- [YOUR INSTRUCTIONS]: The answer should consist of the full listing below, repeated exactly and free of pictures.

** RAW DATA follows **

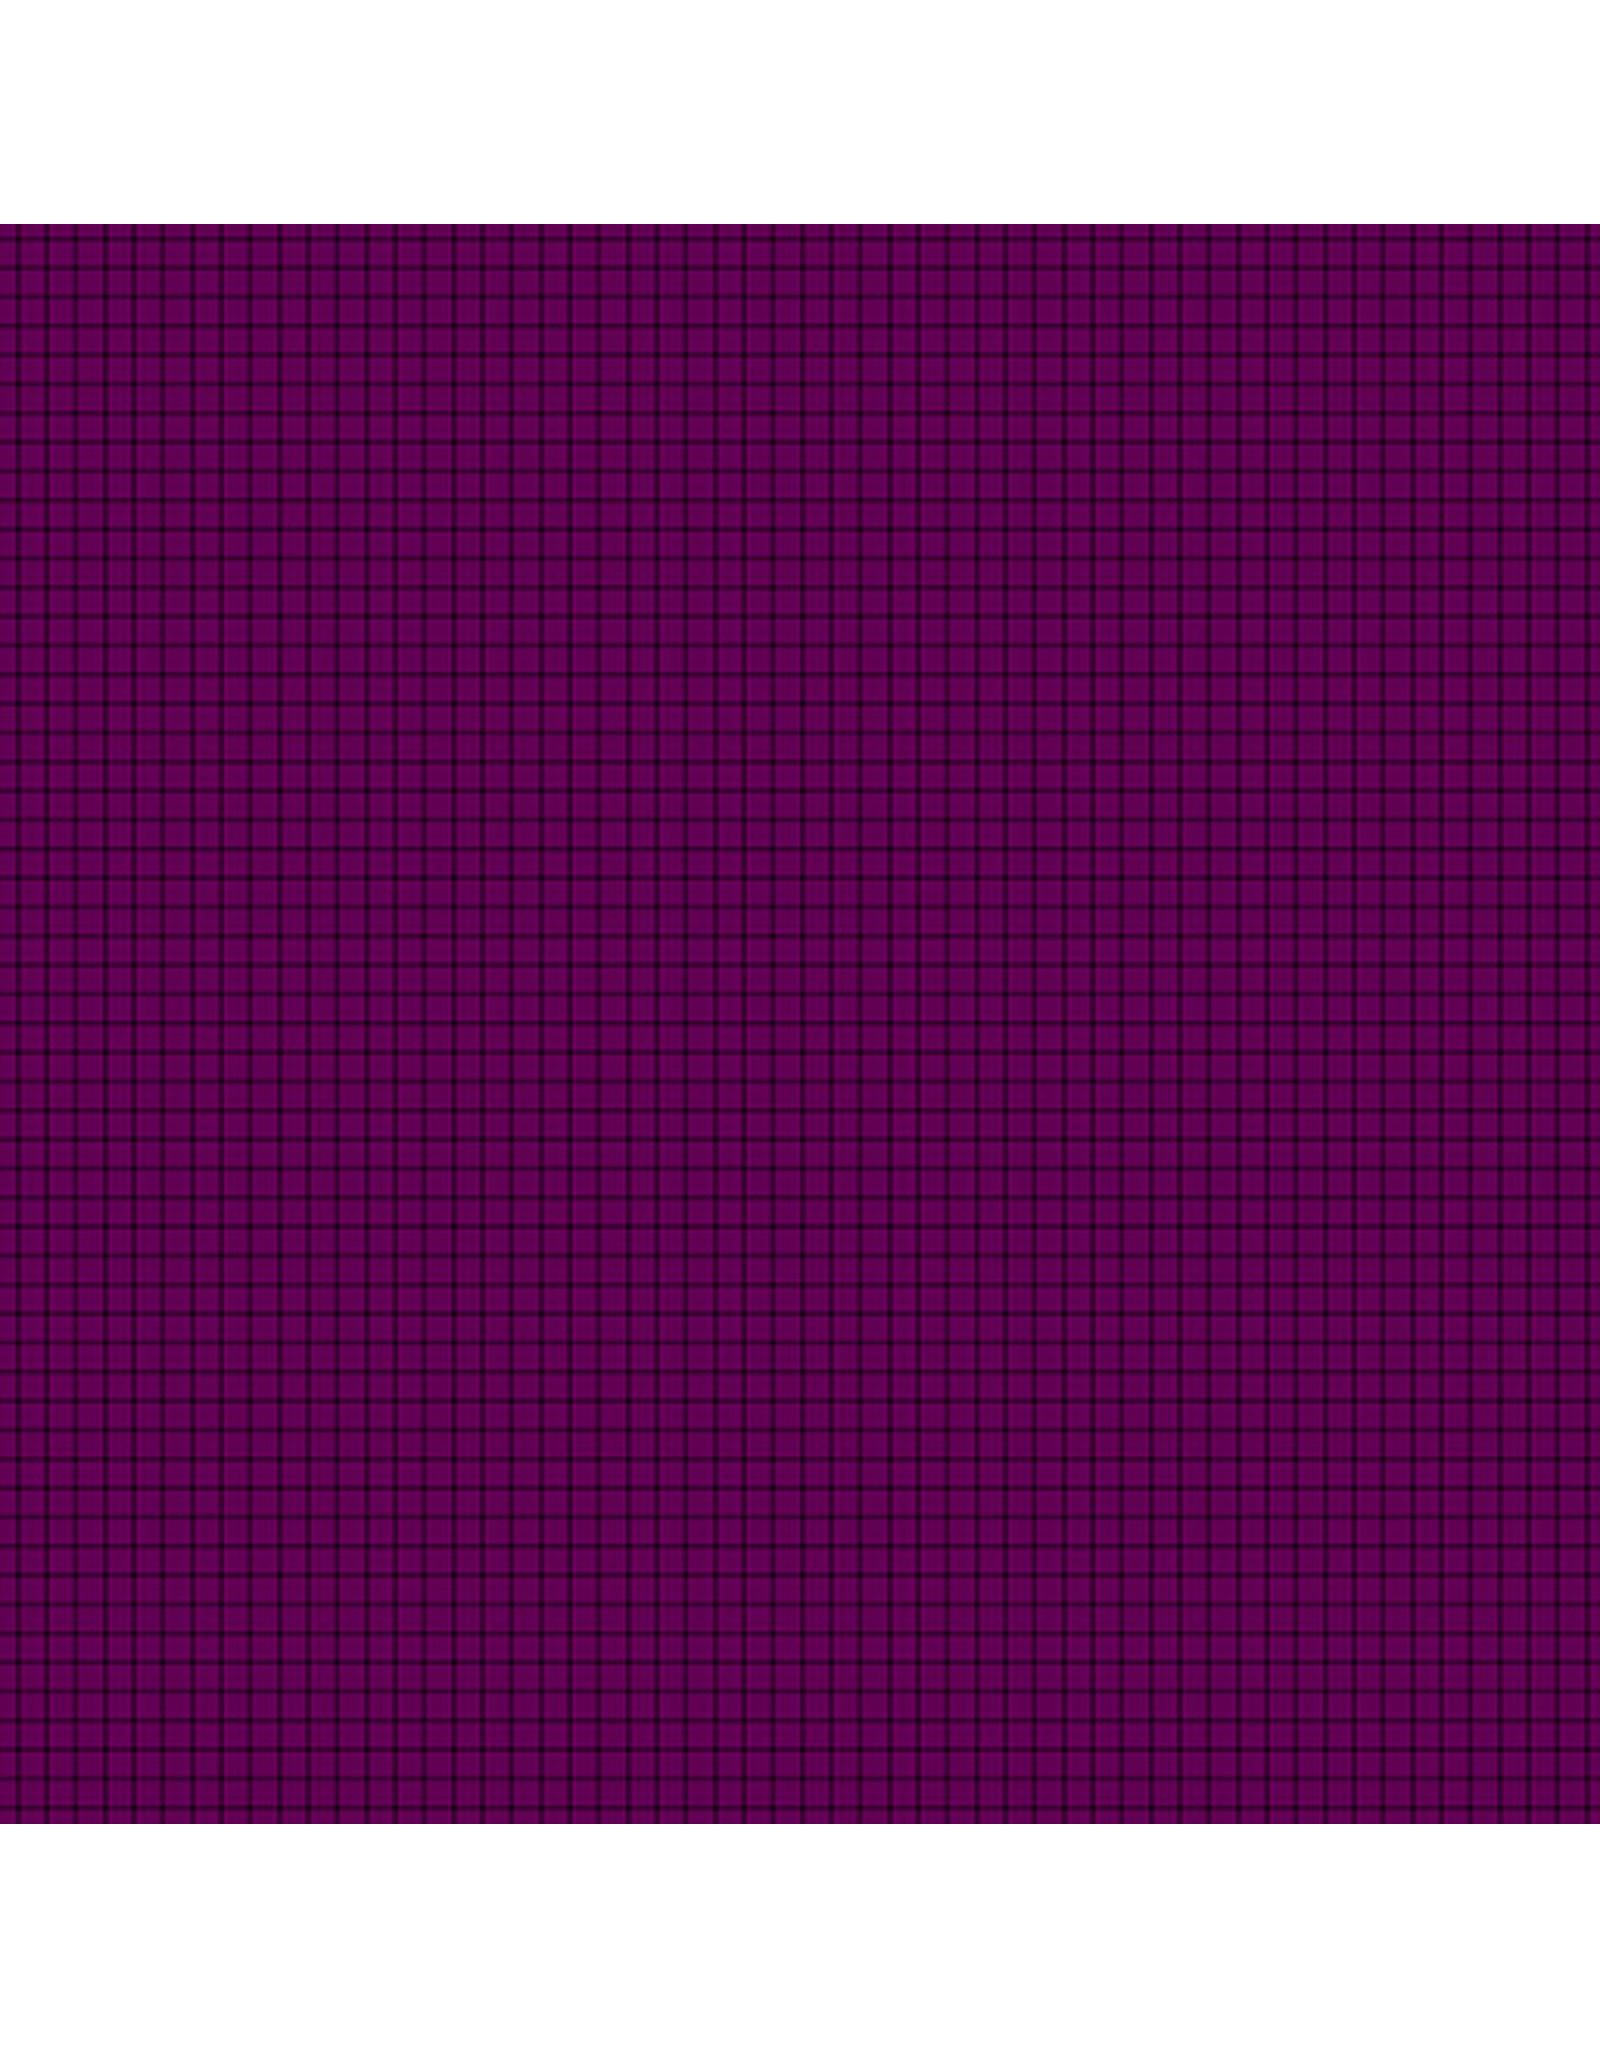 Contempo Gridwork - Square Grid Grape
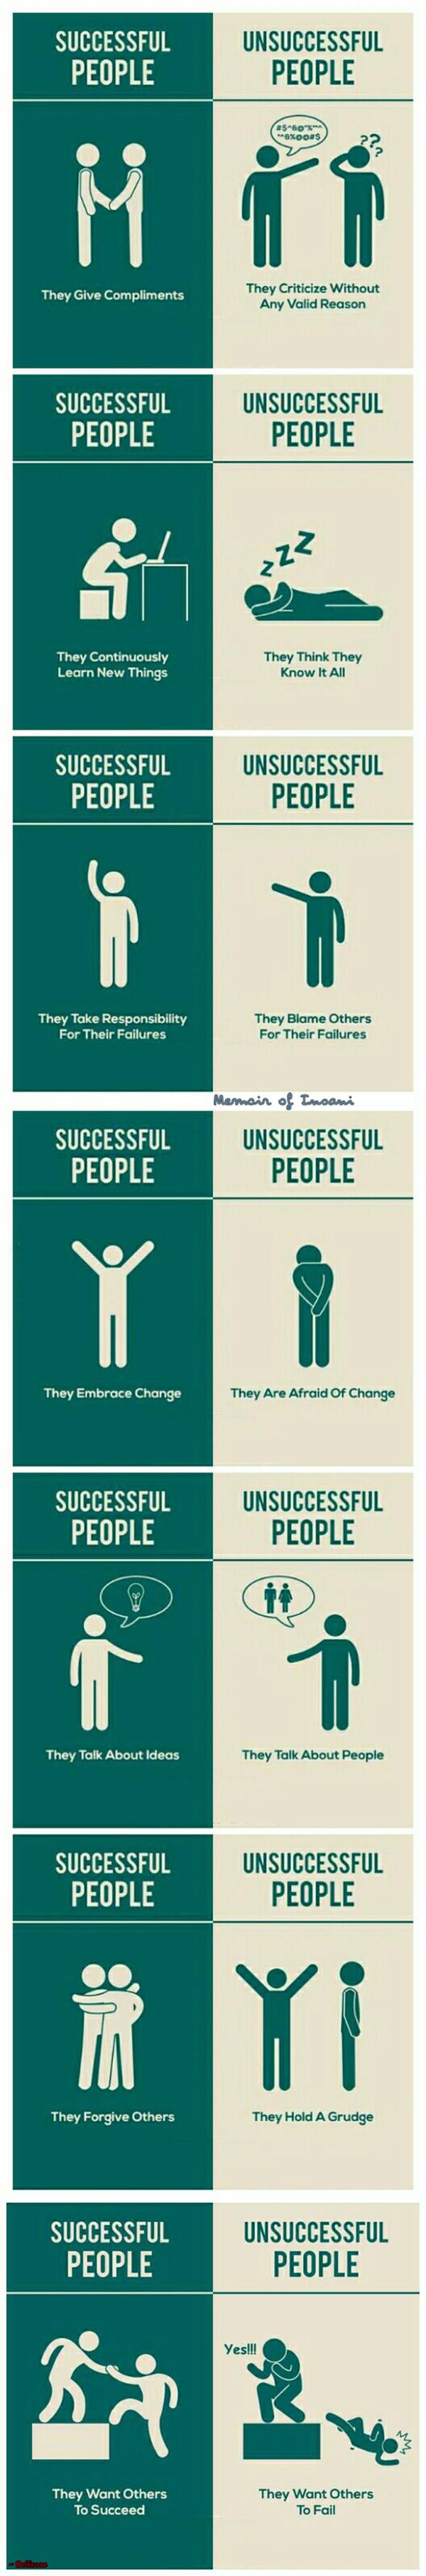 Sikap, Tabiat dan Ciri-ciri Insan Berjaya. http://memoirinsani.blogspot.com Differences Between Successful And Unsuccessful People. Hits close to home. Too close.
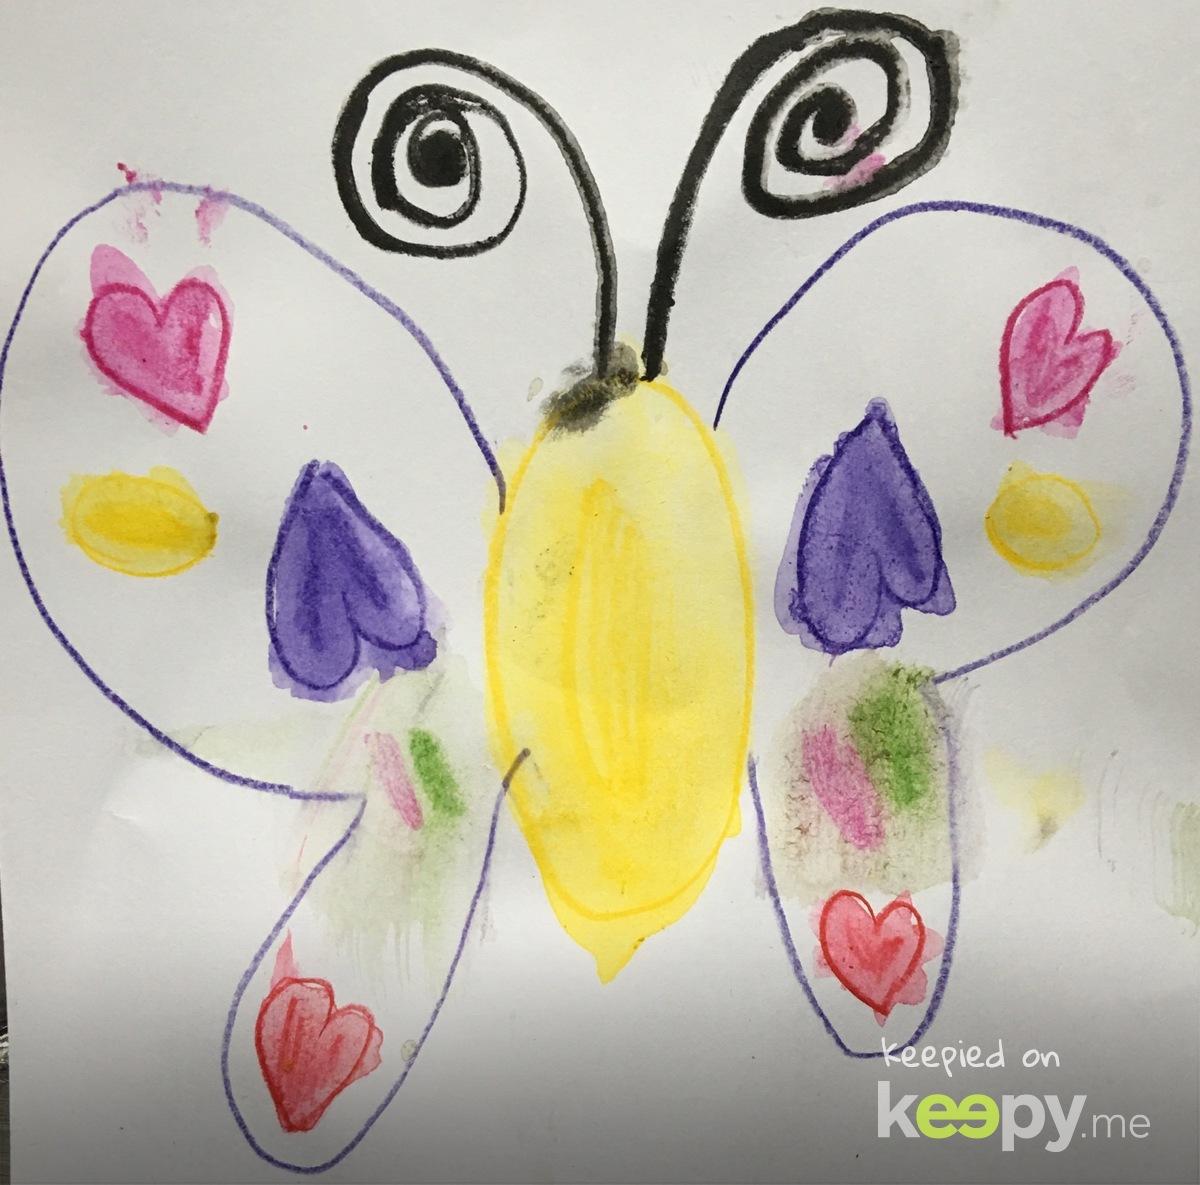 Butterfly. #Watercolor pencil by #RoslynJ » Keepy.me

** End of RAW DATA **

- [EXERCISE RESPONSE]:
 Contempo Gridwork - Square Grid Grape
 Sikap, Tabiat dan Ciri-ciri Insan Berjaya. http://memoirinsani.blogspot.com Differences Between Successful And Unsuccessful People. Hits close to home. Too close.
 Butterfly. #Watercolor pencil by #RoslynJ » Keepy.me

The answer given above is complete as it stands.